OpenAI launched DALL-E and CLIP, these two new generative AI models can generate images based on your text and classify the images separately. DALL·E is a neural network that can generate images from the most vulgar text and image descriptions entered, such as “an armchair like an avocado”, or “the cat on the top is exactly the same as the sketch” at the bottom. CLIP uses one This new image classification training method aims to be more accurate, efficient and flexible in various image types.

This Generative Pre-trained Transformer 3 (GPT-3) model from an American AI company uses deep learning to create images and human-like text. With DALL·E trained, various (sometimes surreal) images can be created based on text input, making your imagination confusing.

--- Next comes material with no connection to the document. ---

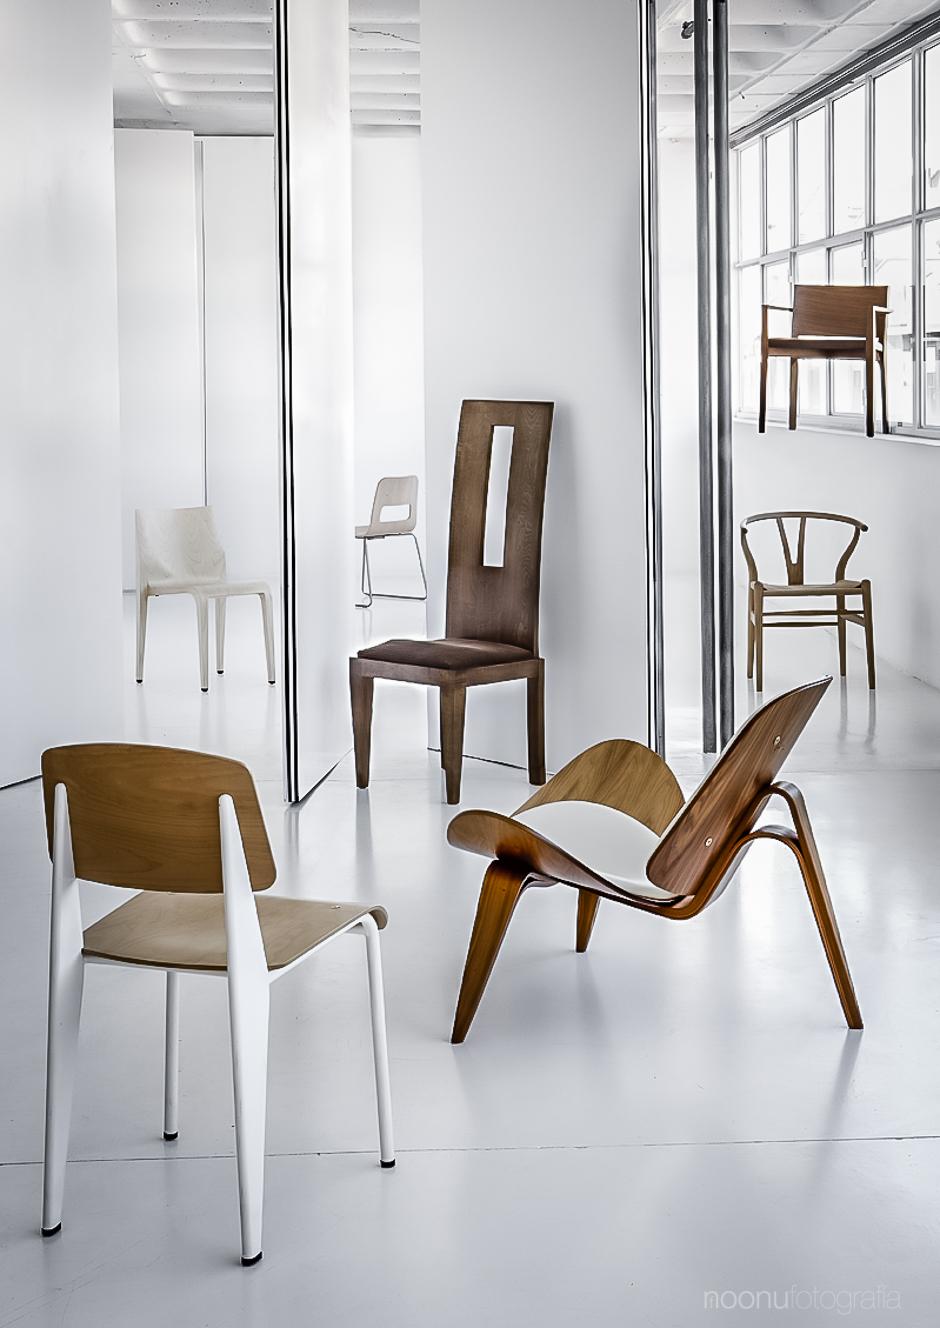 Noonu-fotografo-de-espacios-interiores-madrid-sillas 2

However, because DALL-E obtains images from the Web to create its own images, this model also raises questions about copyright issues.

AI illustrator DALL·E creates weird images

As you might have guessed, the name DALL·E is a portrayal of the surrealist artists Salvador Dali and Pixar’s WALL·E. DALL·E can use text and image input to create weird images. For example, it can create “an illustration of a carrot walking a dog in Tutu Rabbit” or a “snail made of a harp”. DALL·E is not only trained to generate images from scratch, but it can also regenerate any existing images in a manner consistent with text or image prompts.

Image result of text hint “Snail made of harp”

OpenAI’s GPT-3 is a deep learning language model that can perform various text generation tasks using language input. GPT-3 can write a story like a human being. For DALL·E, the AI ​​Lab in San Francisco created Image GPT-3 by exchanging text and images and training AI to complete semi-finished images.

See also  WandaVision Episode 2 Review: Magic of the 1960s, for Children

DALL·E can draw images of animals or things with human characteristics, and reasonably combine unrelated items to generate a single image. The success rate of the image will depend on the language level of the text. When the title implies that the image must contain specific details that are not clearly stated, DALL·E can usually “fill in the blanks.” For example, the text “a giraffe made from a turtle” or “avocado-shaped armchair” will provide you with satisfactory output.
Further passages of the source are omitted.